Even in the midst of the horrific circumstance of slavery there was comfort found within their faith. This was not a passive acceptance but a realization that although physical comfort may be lacking, inner comfort and peace was found in knowing God cared and that just as God acted in history with the Israelites so God would eventually act on behalf of the enslaved African. The prophet asks in Jeremiah 8:22, “is there no balm in Gilead?” And the response is
:
There is a balm, in Gilead to make the wounded whole
There is a balm in Gilead, to heal the sin-sick soul.
Sometimes I feel discouraged and think my work’s in vain
But then the Holy Spirit revives my soul again
There is a balm, in Gilead to make the wounded whole
There is a balm in Gilead, to heal the sin-sick soul.
Gilead
The Spiritual answers, yes there is a balm, comfort, and it can “heal the sin sick soul.” It tells us we can, according to Howard Thurman, “continue to hope against all evidence to the contrary because hope is fed by a conviction deeper than the process of thought…” (Thurman
Deep River 30).
Yet, even in the inner peace and comfort there was still the unrest and hope for freedom, not in death but in the present. This is evidenced in a song that asks a question that might be framed by a theologian.
Didn’t my Lord deliver Daniel, deliver Daniel, deliver Daniel?
Didn’t my Lord deliver Daniel/An’ why not every man?

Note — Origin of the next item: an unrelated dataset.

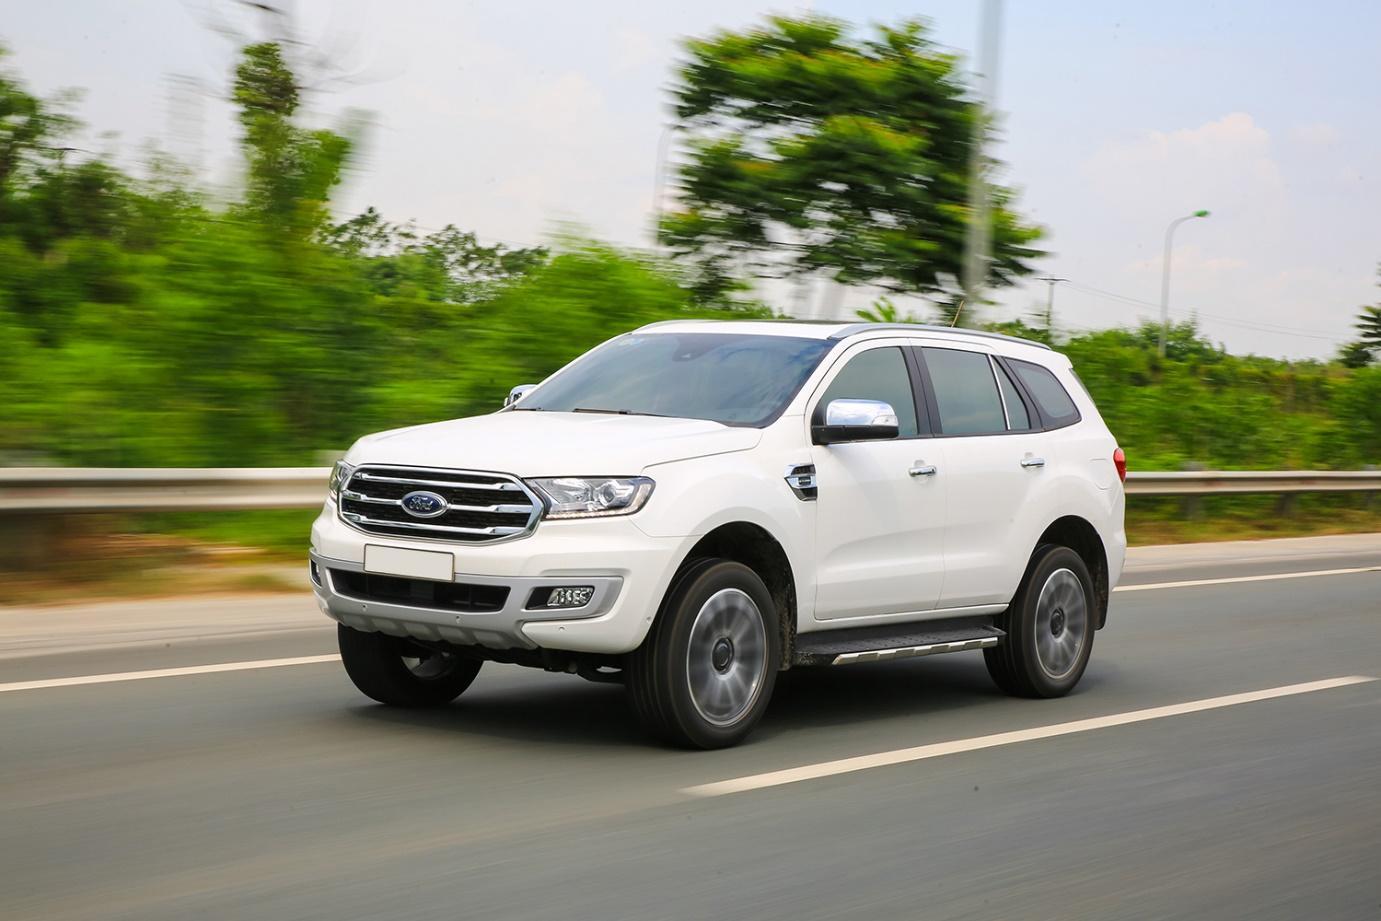 Image result for kinh nghiệm sử dụng Ford Everest 2019

He delivered Daniel f’om the lion’s den/Jonah from the belly of the whale,
An de Hebrew chillum f’om de fiery furnace, An’ why not every man?
Didn’t my Lord deliver Daniel, deliver Daniel, deliver Daniel?
Didn’t my Lord deliver Daniel/An’ why not every man?
Daniel
What ideas in the Bible are universal? Was freedom from oppression only for the people of Israel or did God intend for the idea of liberation to extend to all those who found themselves in bondage? If God worked to bring about freedom in the lives of individuals and communities in the Bible, does He not still do the same throughout history? Yes, God continues to work, and since this is true, redemption and freedom will come to us who are now enslaved.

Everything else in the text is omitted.